Dr. Cade Brumley, Louisiana’s superintendent of education, expressed in a letter to school system leaders last week that the Title IX changes “recklessly endanger students and seek to dismantle equal opportunities for females.” He urged schools not to comply with the “radical” rules sent down by the Department of Education.

Murrill said that the regulations prohibit single-sex bathrooms and locker rooms, aiming to “remake American societal norms” by allowing boys and girls of the opposite sex to use the same facilities. While the Title IX changes establish clear regulations on sexual harassment and discrimination, the new policy becomes murky when it intersects with local or state laws concerning students who feel discriminated against based on the bathrooms or locker rooms they use.

Additionally, the change does not address transgender athletes, an issue the Education Department is working on separately. Louisiana passed a law in 2022 that bans transgender athletes from competing on girls and women’s sports teams.
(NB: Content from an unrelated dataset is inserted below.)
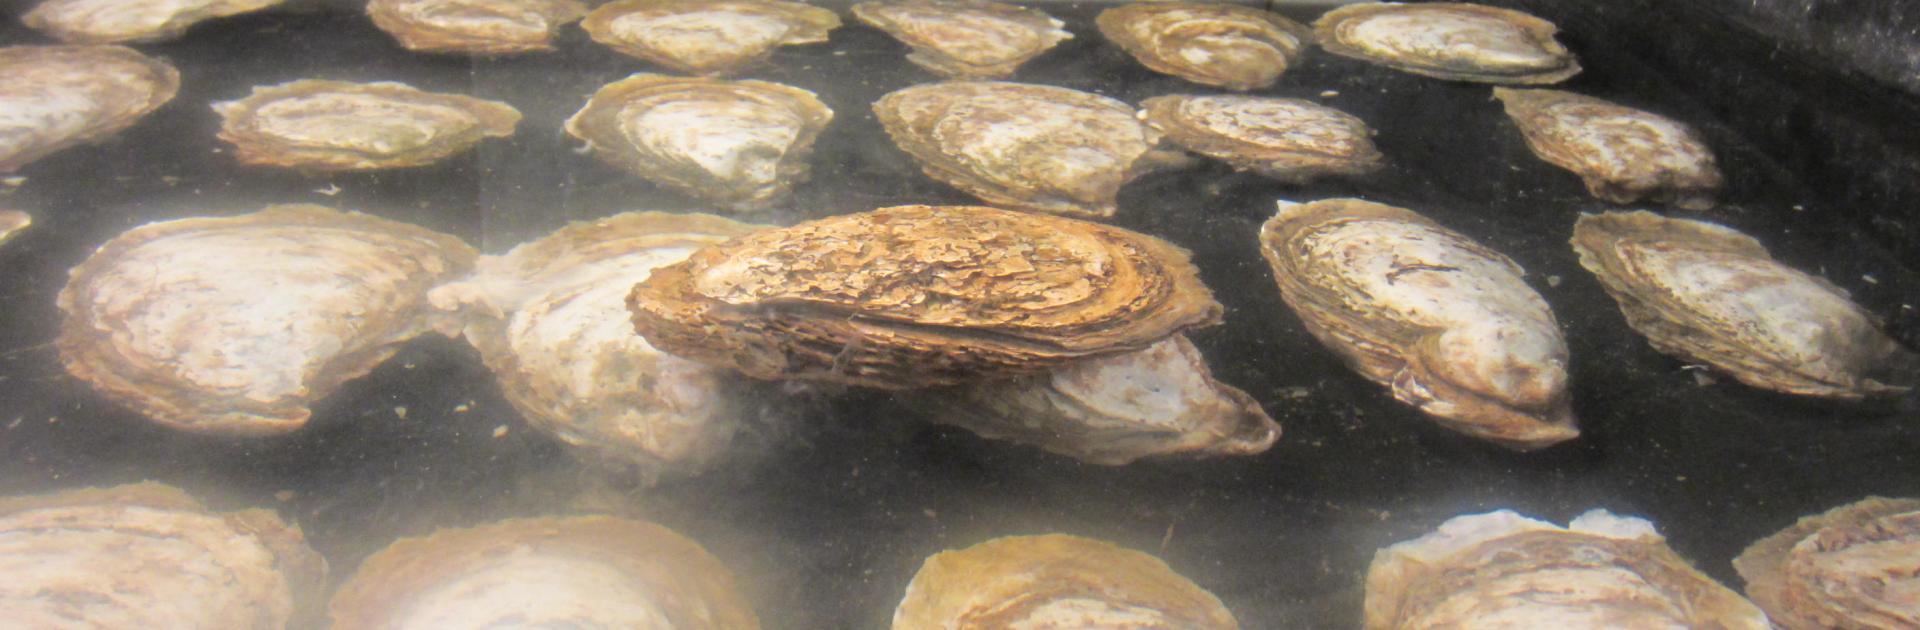 oyster breeding

FACT SHEET: U.S. Department of Education’s 2024 Title IX Final Rule Overview

“We’re not going to pretend there is some other kind of sexual category other than the two the great almighty has set forth,” Landry said.

Enacted in 1972, Title IX prohibits sex-based discrimination in federally funded schools, covering areas such as admissions, classrooms, and safeguarding students against sexual harassment. It also mandates equal opportunities for women and men to participate in sports.

The Biden administration has been advocating to clarify changes to Title IX implemented under President Donald Trump, especially following a 2020 Supreme Court ruling that broadened the definition of sex discrimination to include discrimination based on gender identity and sexual orientation.

Furthermore, the federal government has the authority to revoke federal funding for schools that fail to adhere to Title IX regulations.